What you are asked to do: Transcribe the full listing exactly, and drop every picture.

Data below:

= = = = =

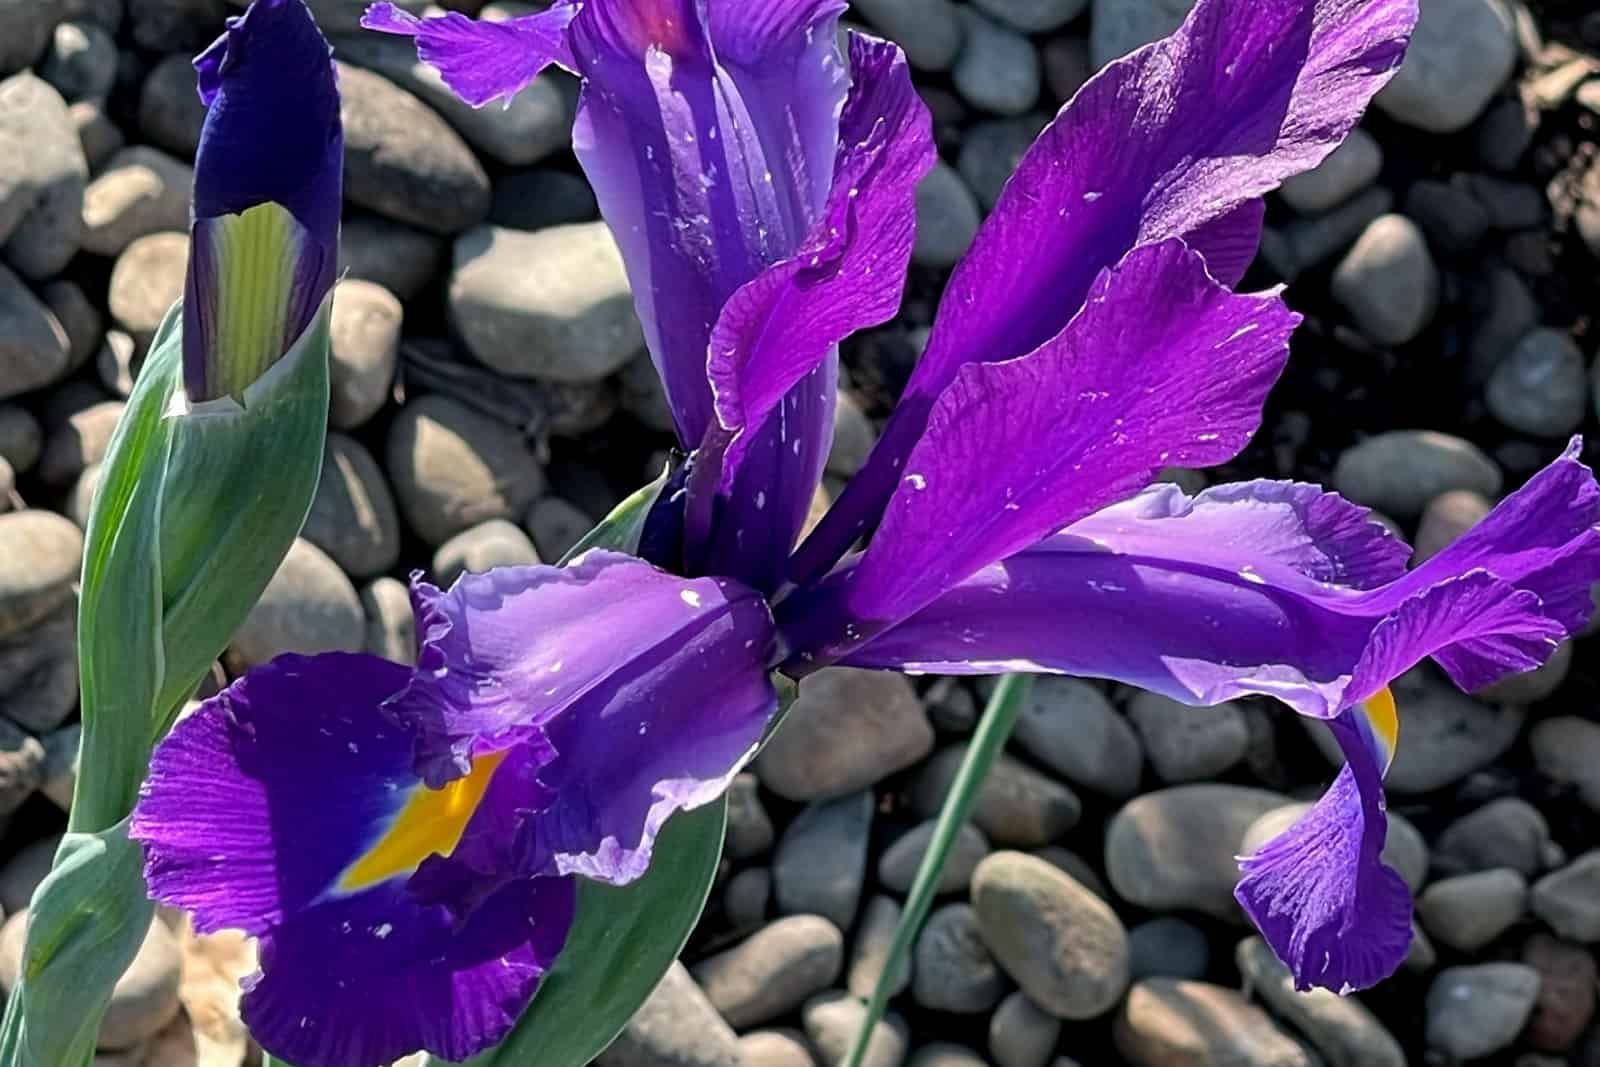 A wild bright purple iris
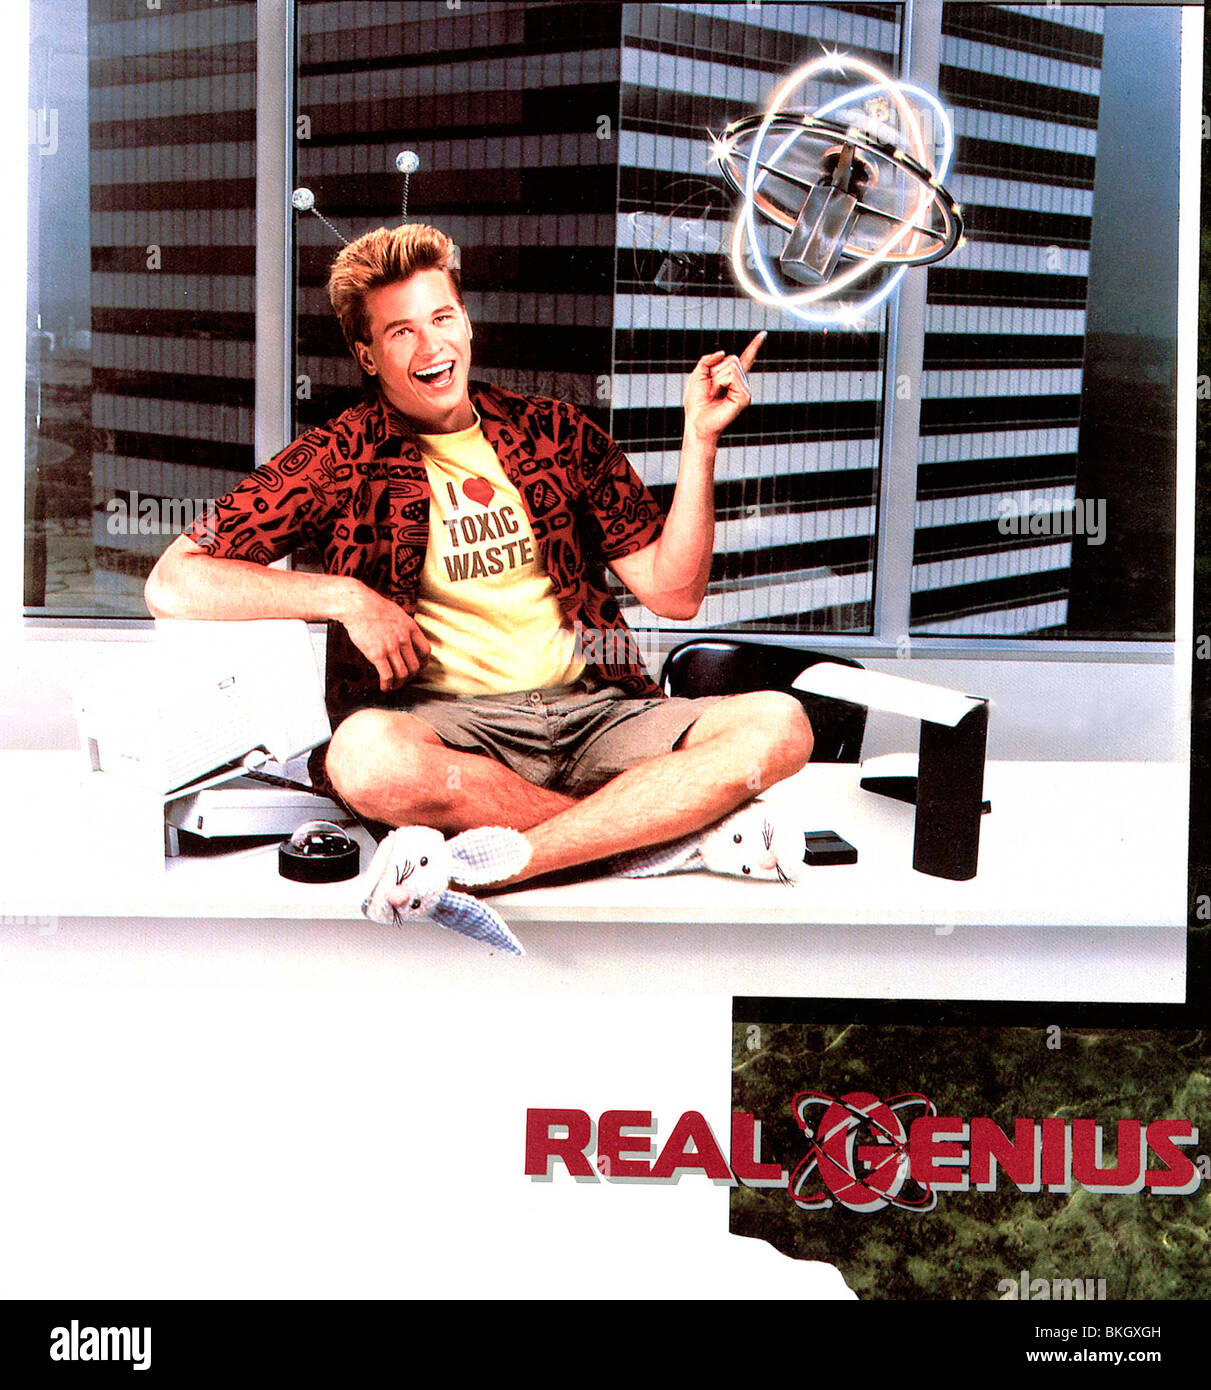 real-genius-1985-poster-BKGXGH.jpg
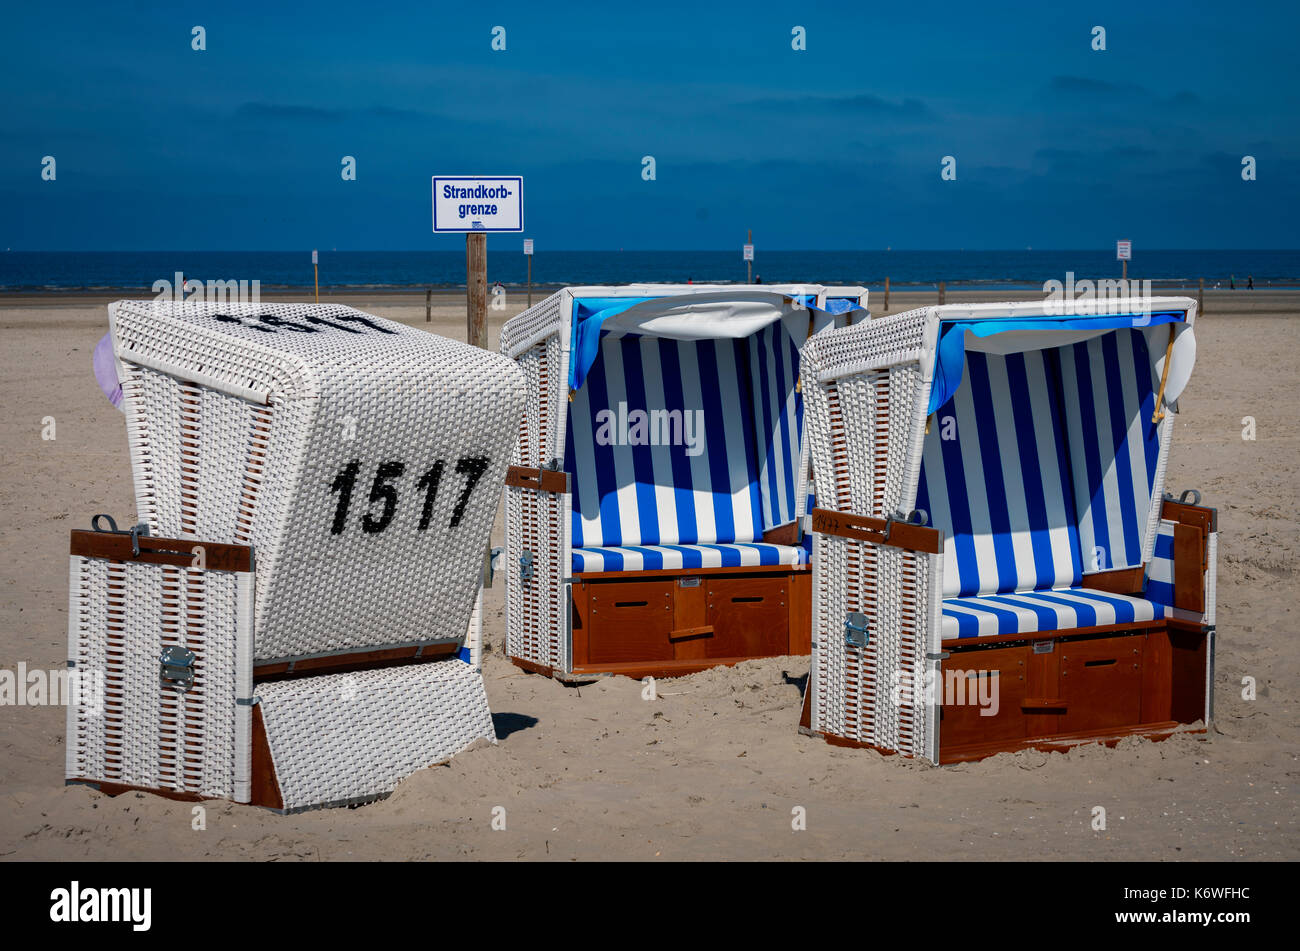 Beach chairs with sign Strandkorbgrenze, beach, Sankt Peter Ording, North Sea, Schleswig Holstein, Germany Stock Photo

= = = = =

Task result:
 A wild bright purple iris
 real-genius-1985-poster-BKGXGH.jpg
 Beach chairs with sign Strandkorbgrenze, beach, Sankt Peter Ording, North Sea, Schleswig Holstein, Germany Stock Photo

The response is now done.